The district court held that the appellants asserted facts which would constitute a crime if proved, but that the district attorney did not act arbitrarily or capriciously and without reasonable excuse in refusing to prosecute Keltner. At the time of the hearing, Meadow Ranch declined to cooperate in the prosecution of Nila Keltner for theft of Meadow Ranch funds. The district attorney advised the court that the investigation of Nila Keltner was not concluded and would continue.
On appeal, the appellants assert that the evidence is sufficient to prove Keltner intended to commit theft by deception, and that the district court erred by not requiring the district attorney to prosecute Keltner.
Unless there is clear and convincing evidence that the district attorney's decision not to prosecute was arbitrary or capricious and without reasonable excuse the court will not order prosecution. Section 16-5-209, C.R.S. 1973 (1978 Repl. Vol. 8). Sandoval v. Farish, 675 P.2d 300; Tooley v. District Court, 190 Colo. 468, 549 P.2d 772 (1976).
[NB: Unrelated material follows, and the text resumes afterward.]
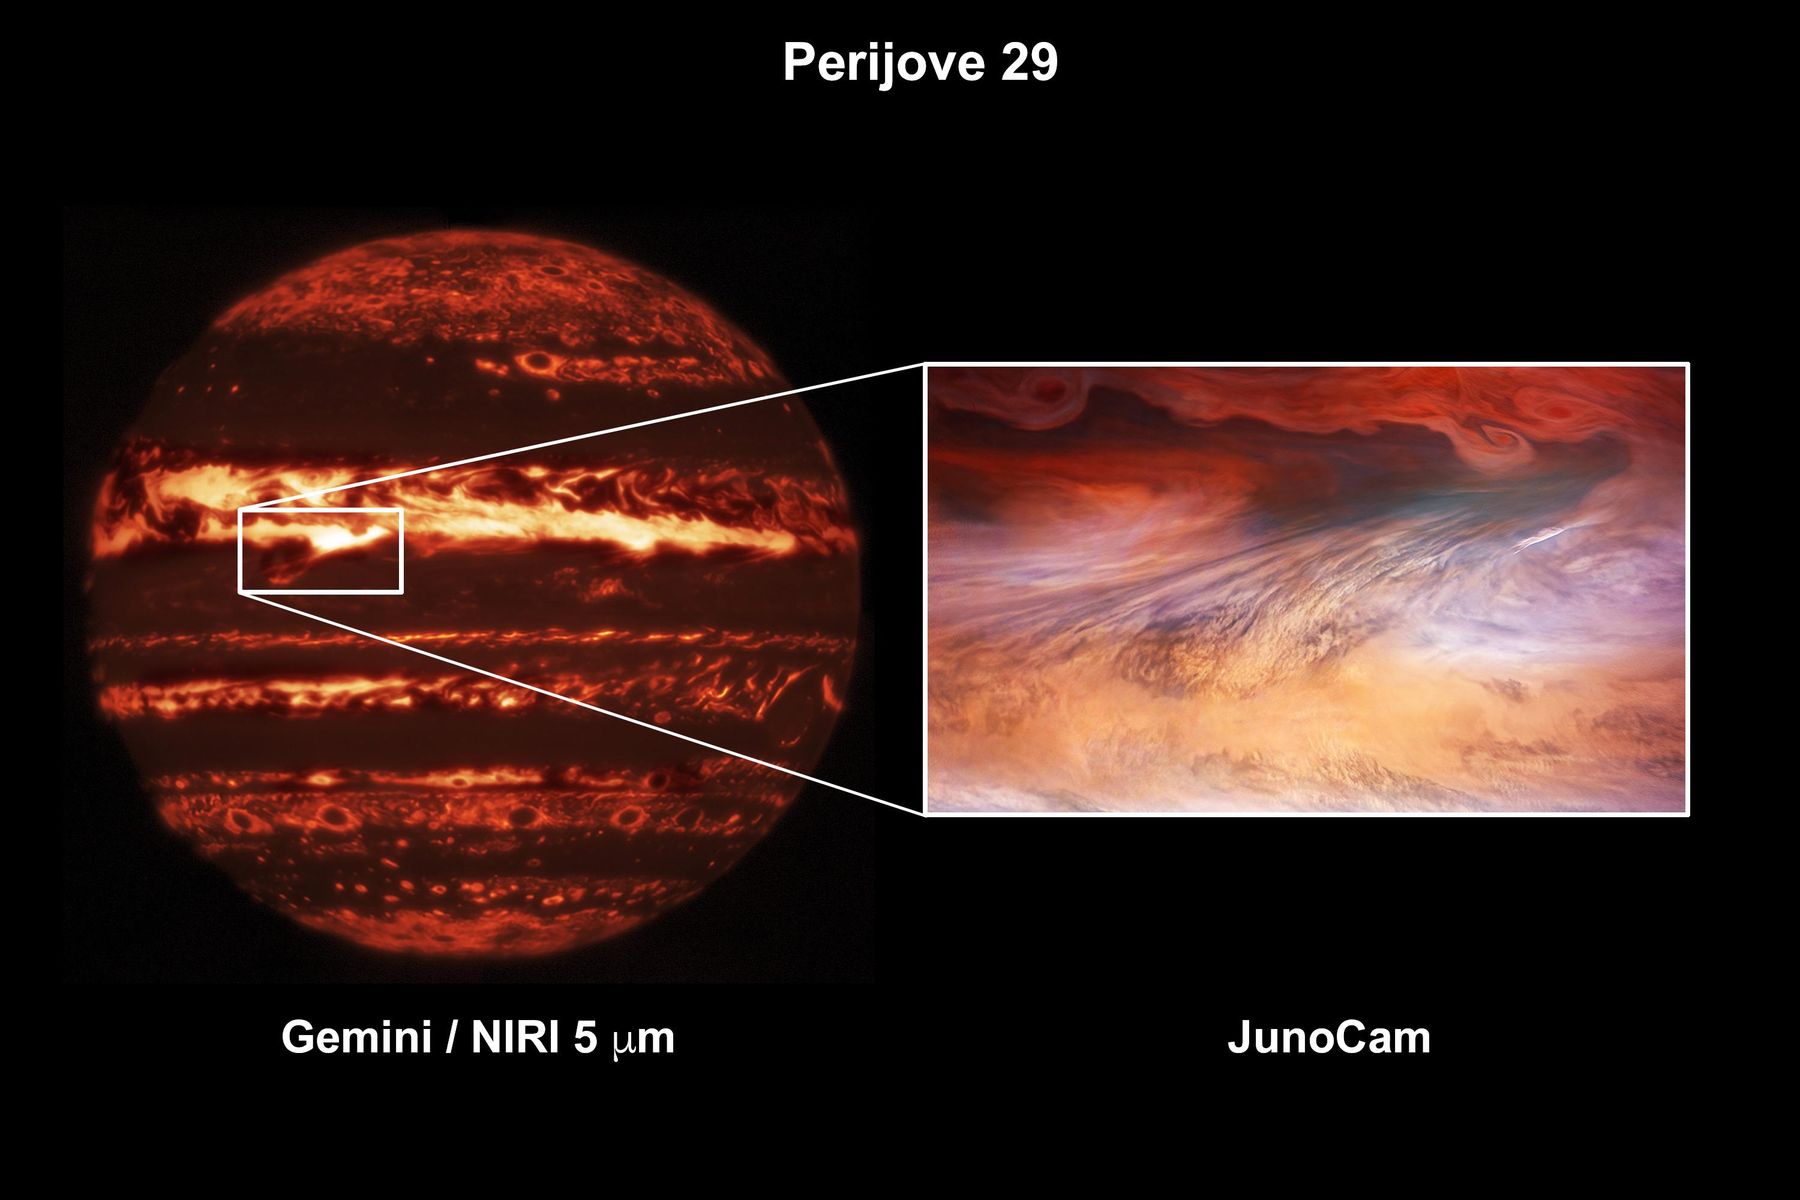 มองจุดร้อนบนดาวพฤหัสบดีผ่านกล้อง JunoCam ของยานอวกาศจูโน

The party challenging a district attorney's charging decision must overcome the presumption that the prosecutor acted in accordance with the law. People v. District Court, 632 P.2d 1022 (Colo. 1981). Absent a clear abuse of discretion, a judge may not substitute his judgment or discretion for that of the prosecutor. Sandoval v. Farish, supra; Tooley v. District Court, supra; Inmates of Attica Correctional Facility v. Rockefeller, 477 F.2d 375 (2d Cir. 1973).
The district court found that the appellants failed to prove that the district attorney's decision was arbitrary or capricious and without reasonable excuse. After reviewing the record, we agree.
Accordingly, we affirm the district court.